(Problem details): Your reply should reproduce each line below exactly and carry none of the pictures.

(Dataset extract):
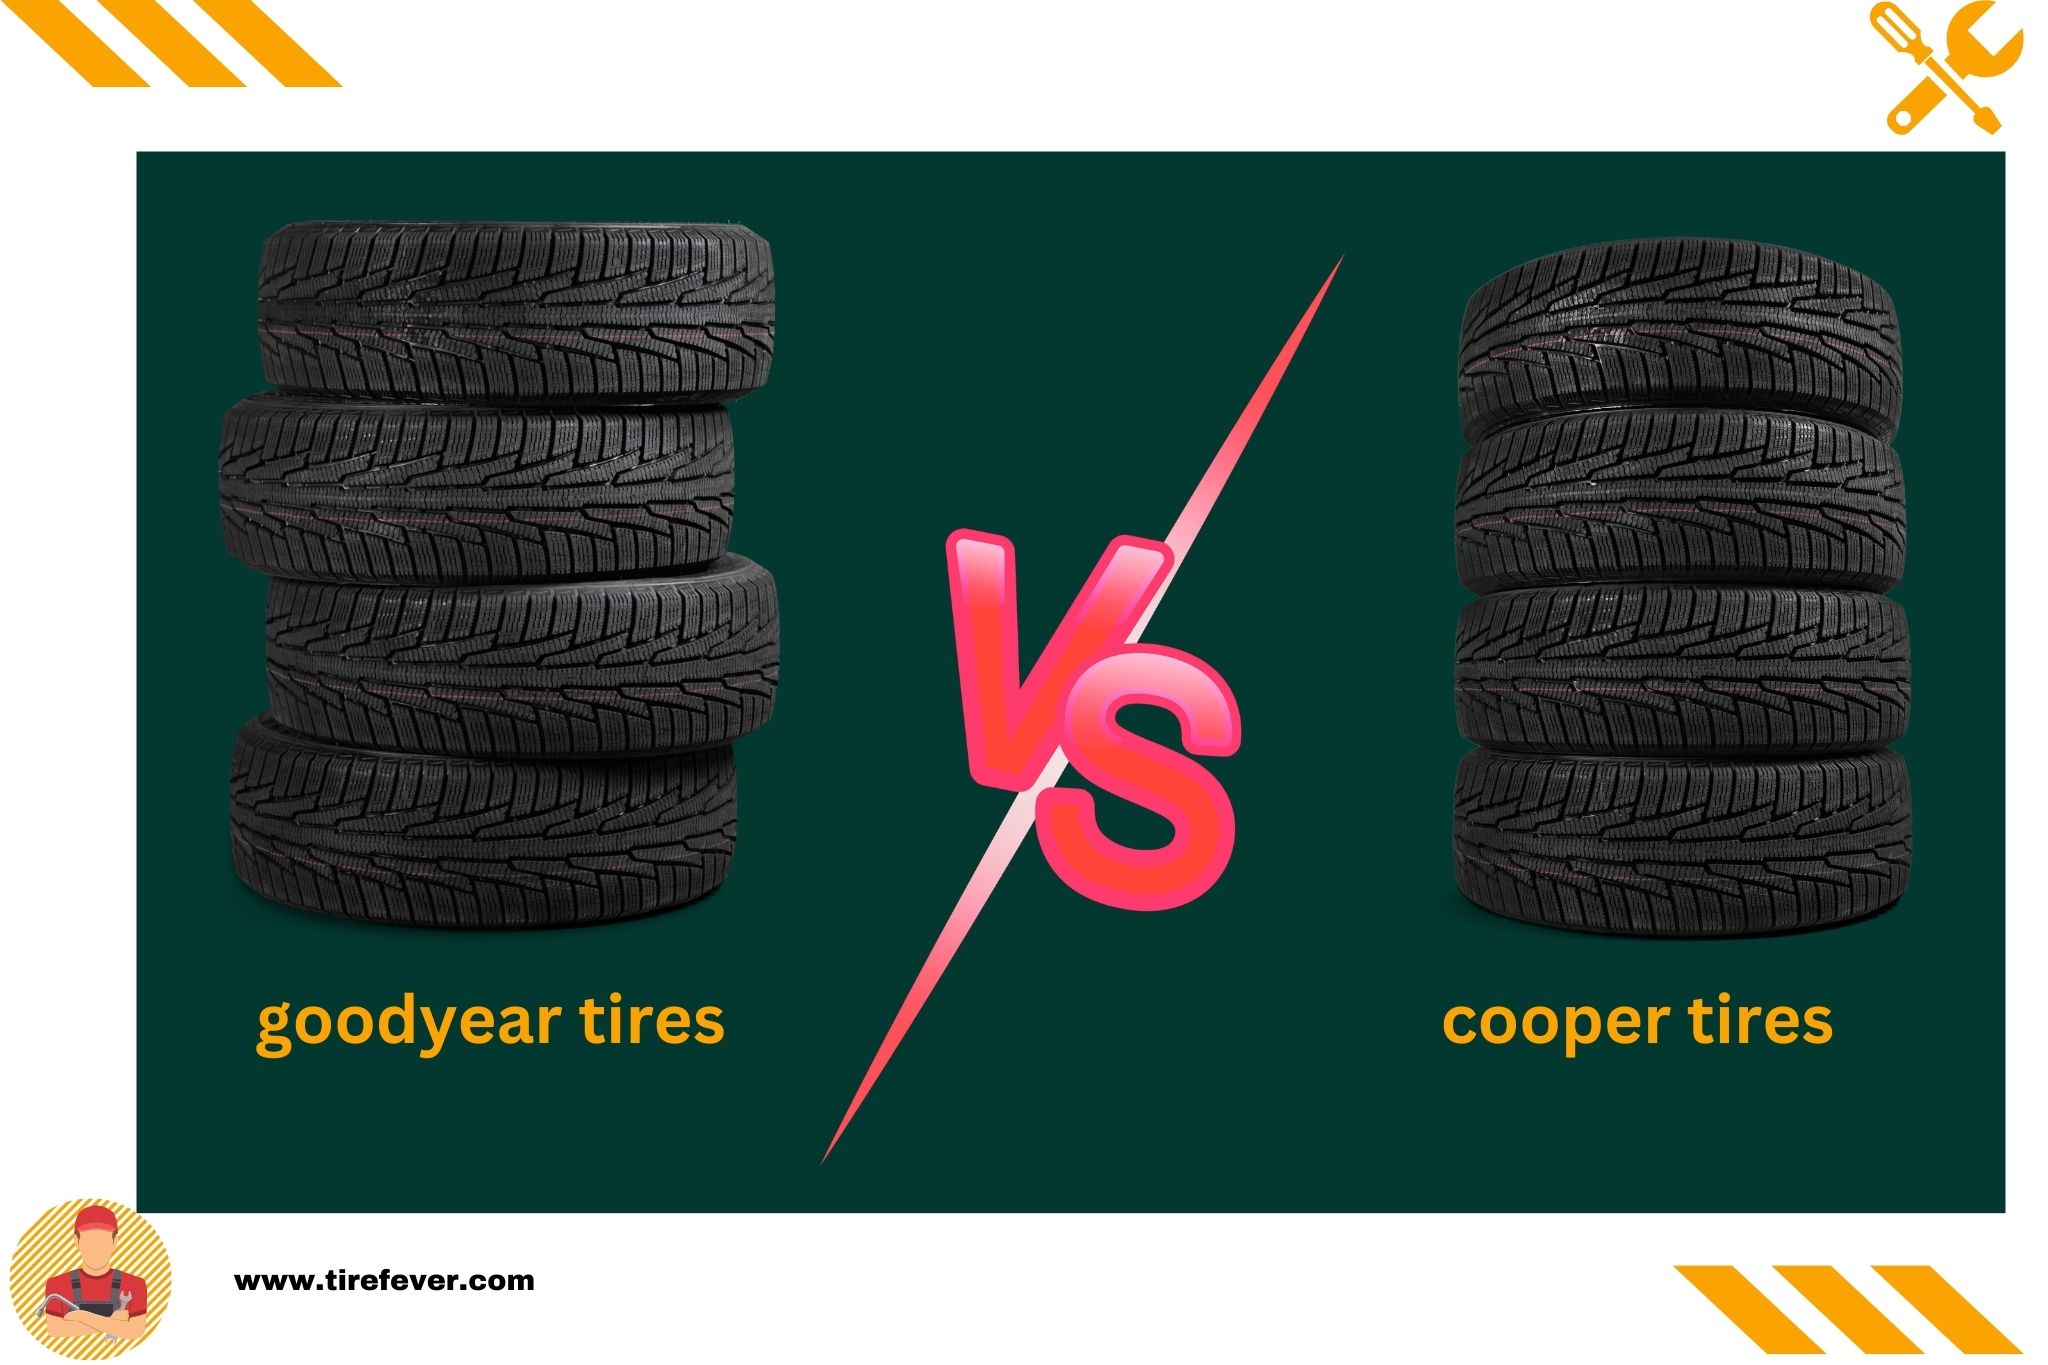 goodyear tires vs cooper tires
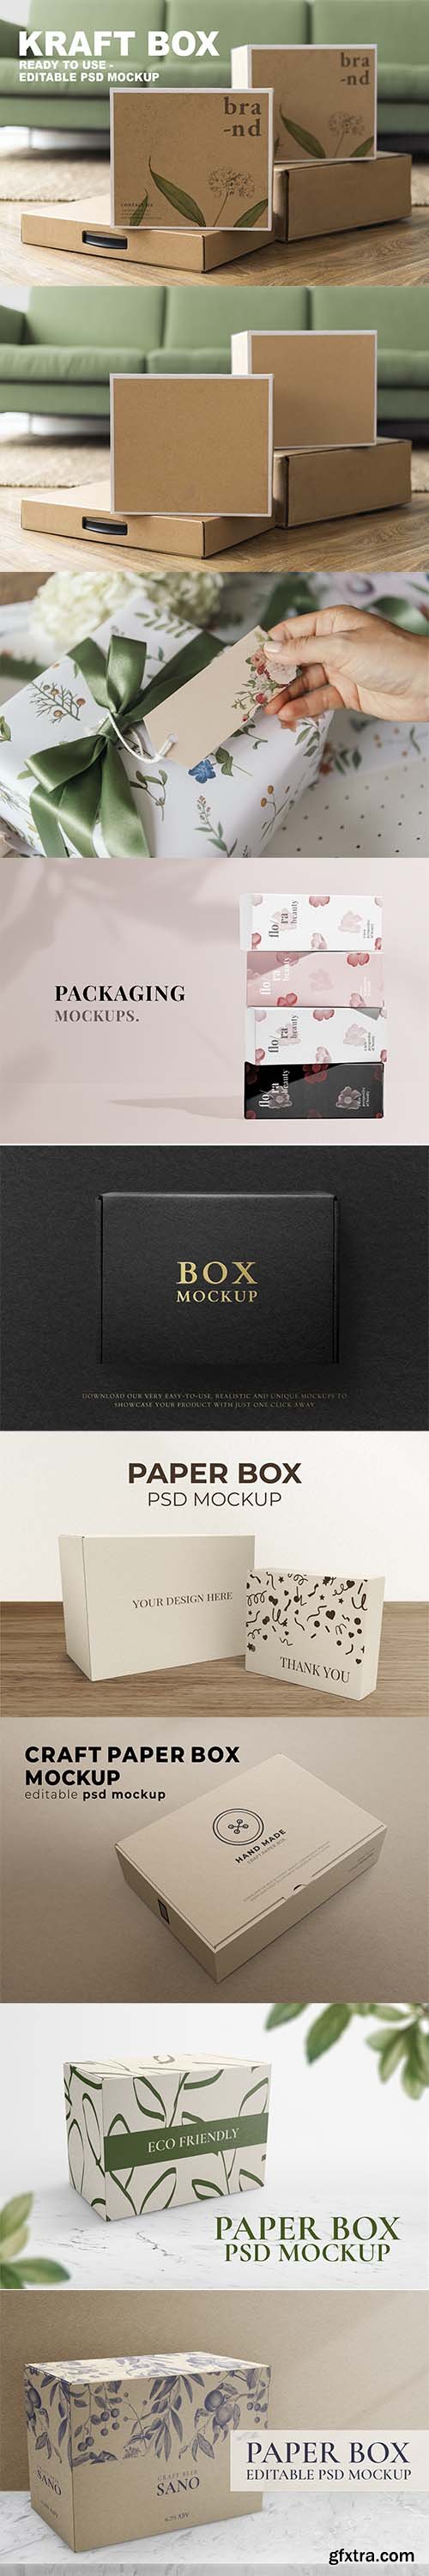 Paper box mockup
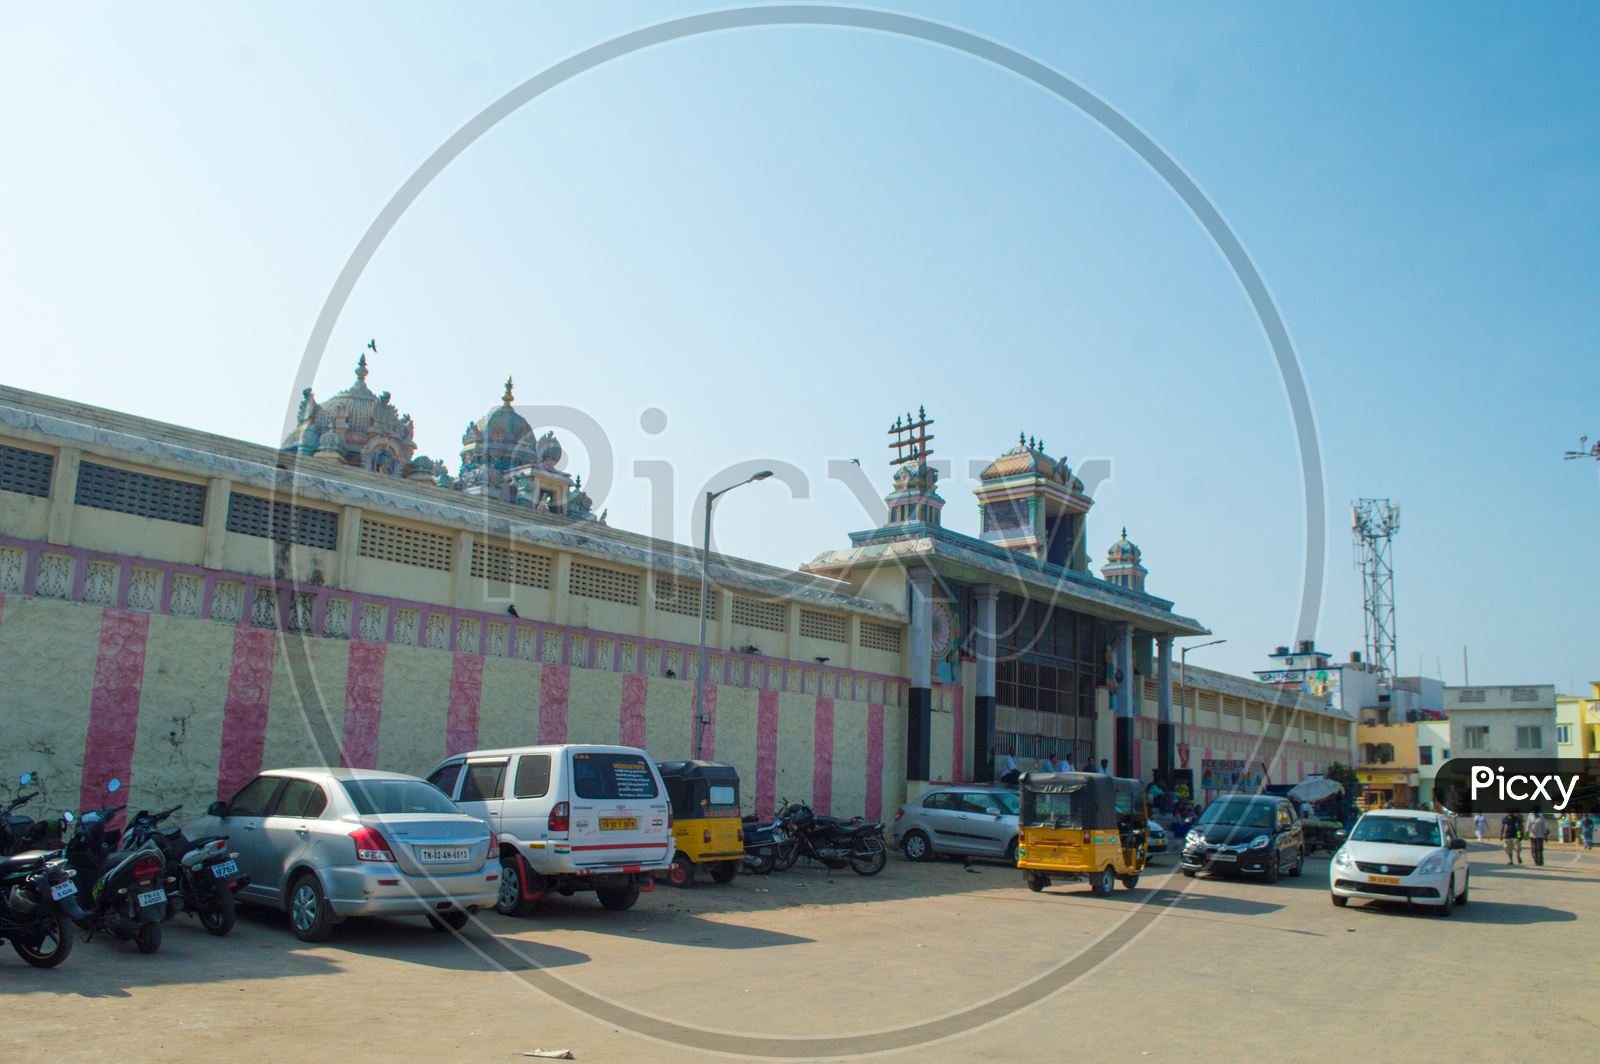 Ashtalakshmi Temple, Chennai

(Answer section):
 goodyear tires vs cooper tires
 Paper box mockup
 Ashtalakshmi Temple, Chennai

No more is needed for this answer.